The other day I went in search of a new idea for orzo on a cooking board I frequent. Elly recommended this recipe from her blog. As soon as I saw pancetta, I was sold. Any form of bacon makes everything better!Print this post
I used her recipe as inspiration, but instead of pancetta, roasted artichokes, and Swiss chard, I used what I had on hand - bacon, mushrooms, and spinach. My adaptation of her recipe is below.
- 1 tbsp olive oil
- 4 slices raw bacon, chopped
- 1 sm onion, chopped
- 3 cloves garlic, chopped
- 3 crimini mushrooms, chopped
- 1/4 c white wine
- 2 c chicken broth
- 1 c orzo
- 1/2 bag fresh spinach, roughly chopped
- Salt and pepper to taste
- Heat oil in a large saute pan over medium-high heat
- Add bacon and saute until brown. Transfer to a paper towel with a slotted spoon.

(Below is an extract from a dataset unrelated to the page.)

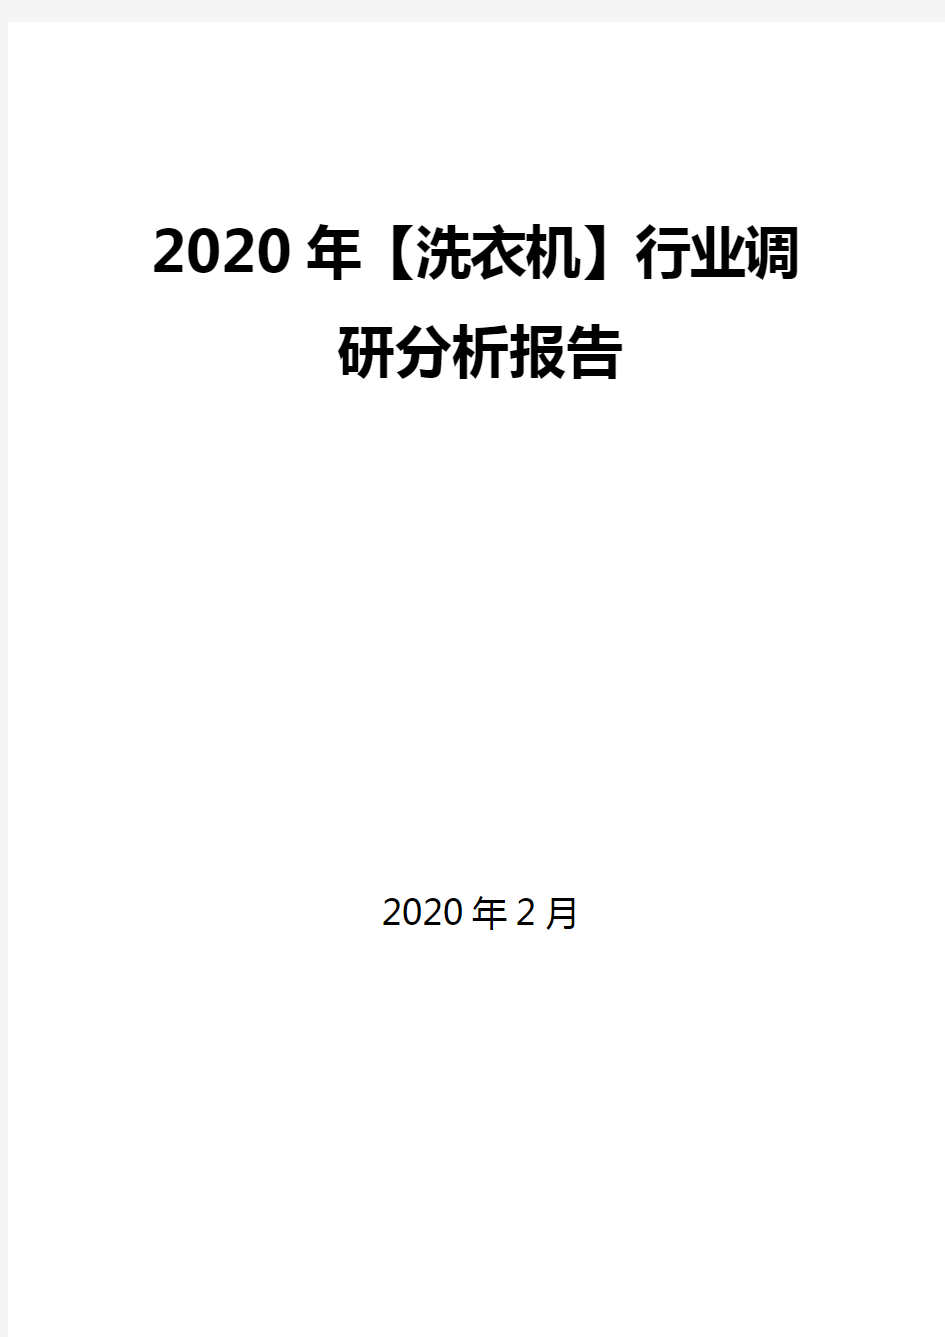 2020年【洗衣机】行业调研分析报告

- Remove half of the bacon grease from the pan.
- Add onions and garlic; saute 3 minutes
- Add mushrooms, saute 1 minute
- Add wine and cook, stirring, until absorbed
- Add chicken broth and bring to a light boil
- Add orzo, stir, lower heat to medium-low, cover, and simmer 8 minutes or until orzo is done. I stirred it once after 5 minutes to keep it from sticking.
- Stir in the spinach until wilted; add most of the bacon.
- Season with salt and pepper as needed; top with bacon for serving.
Wow bacon! This was delicious! Thanks for the inspiration, Elly!